The Dirty Dozen
I had this information in my Hug Me! I’m Organic! post, but I keep wanting to have a list to which I could refer. So, I thought I make it a separate, easy to find post.
The Environmental Working Group (EWG) performed more than 43,000 tests for pesticides on various types of produce in thousands of samplings. Their computer analysis revealed that consumers could reduce their exposure to pesticides by almost 90 percent by avoiding just the most contaminated fruits and vegetables. They came up with a list of the most pesticide-laden produce varieties.

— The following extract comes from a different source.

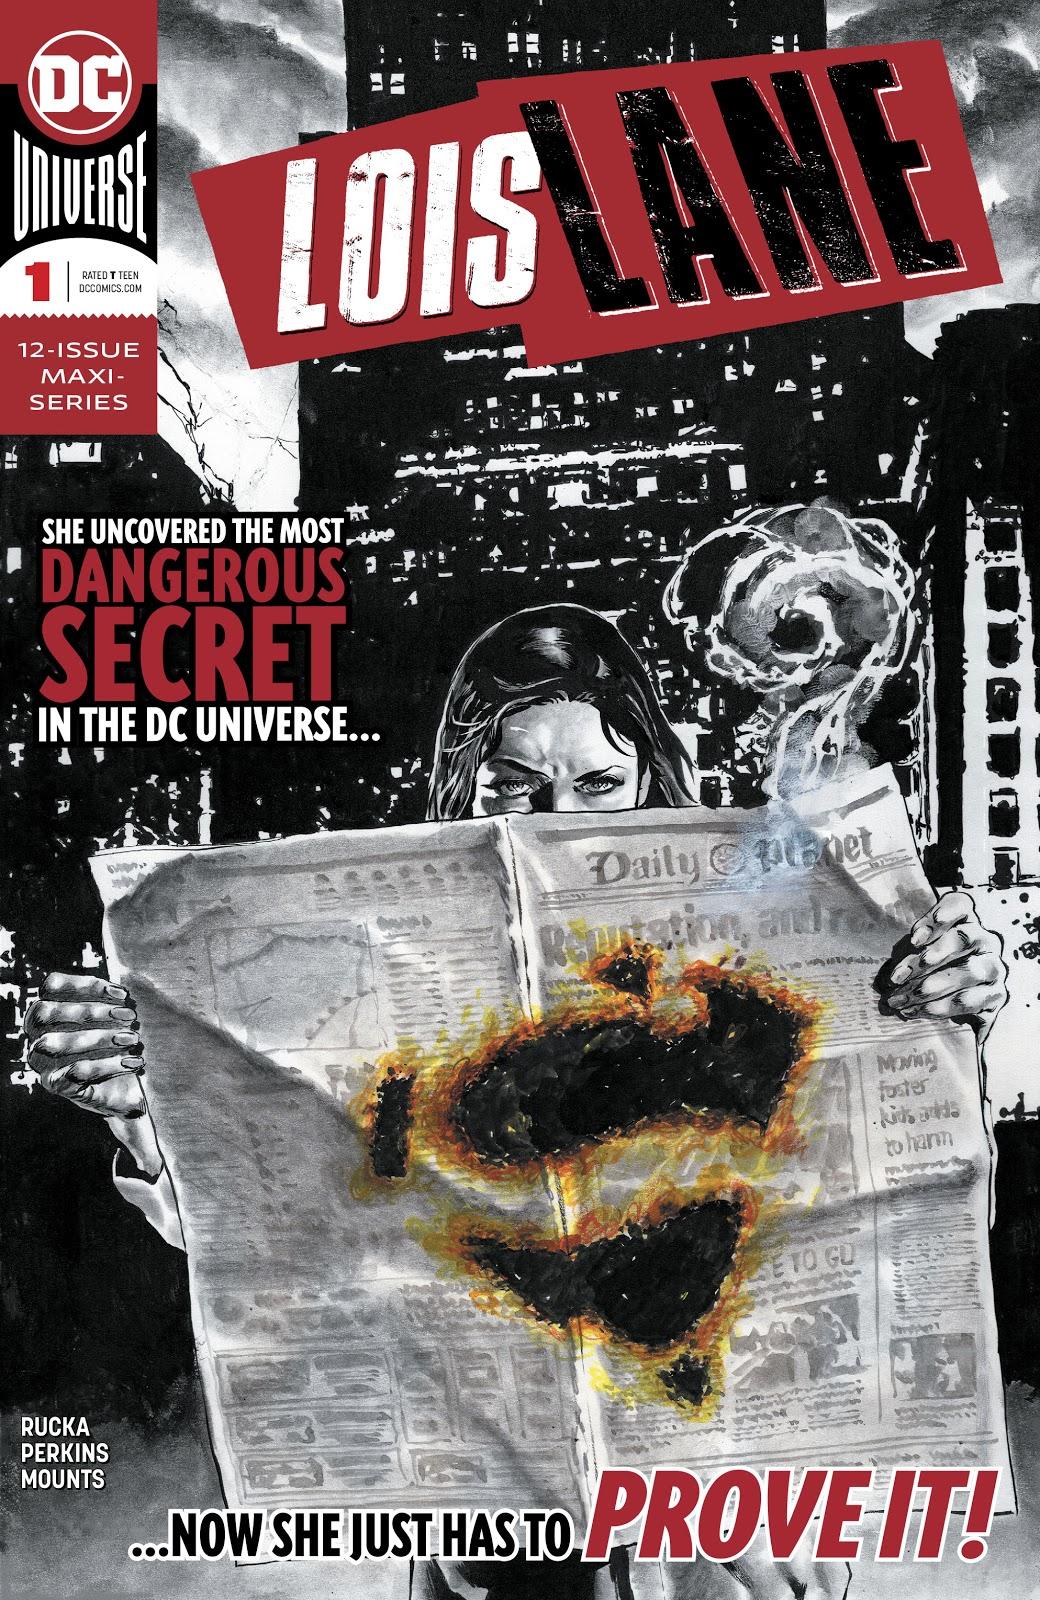 Lois Lane Cover   Credit: DC Comics, Jerry Siegel, Joe Shuster

As you look at this list, realize that it’s not just the whole apple that you can purchase in the produce section. Consider apple juice as well. Read labels and realize what you’re buying.
- Sweet Bell Peppers
- Grapes (imported)
There are other produce types for which it is fairly unnecessary to pay more for organic. These foods regularly test clean of pesticides and either have a hard outer skin or don’t retain pesticides well, if at all.
- Sweet Corn – frozen
- Sweet Peas – frozen
In other words, it may pay in health benefits to buy Organic peaches, but you get almost no benefit from paying extra for Organic bananas.
That said, corn is such a product of genetically modified food (GMO’s) that I couldn’t even find organic corn seed until I went to Whole Foods and paid $2.30 per pack of 16 seeds. So, even though they test low on the pesticide list, we don’t purchase any corn product unless it’s organic – because GMO’s cannot be found in foods labeled organic.
The most common genetically modified foods are:
- soybeans (which are everywhere – read labels and you’ll see “soy” in almost everything that’s processed – even simple “vegetable oil” is actually “soybean oil”)
- corn (which also means any kind of corn sweetener, corn flour, corn meal, etc. Start reading labels and look for “high fructose corn syrup” and you’ll be amazed at how often corn is in your products!)
- rapeseed oil
- milk (rBGH, or recombinant bovine growth hormone is created from genetically modified bacteria, makes cows produce more milk. Milk from cows treated with rBGH is banned in the European Union and Australia, but it’s legal in the United States, and there are no FDA requirements about labeling milk as coming from rBGH cows.)
If a food is found in the “dirty dozen” or the common genetically modified list, I only purchase organic. Otherwise, I’m really not as strict about it as some.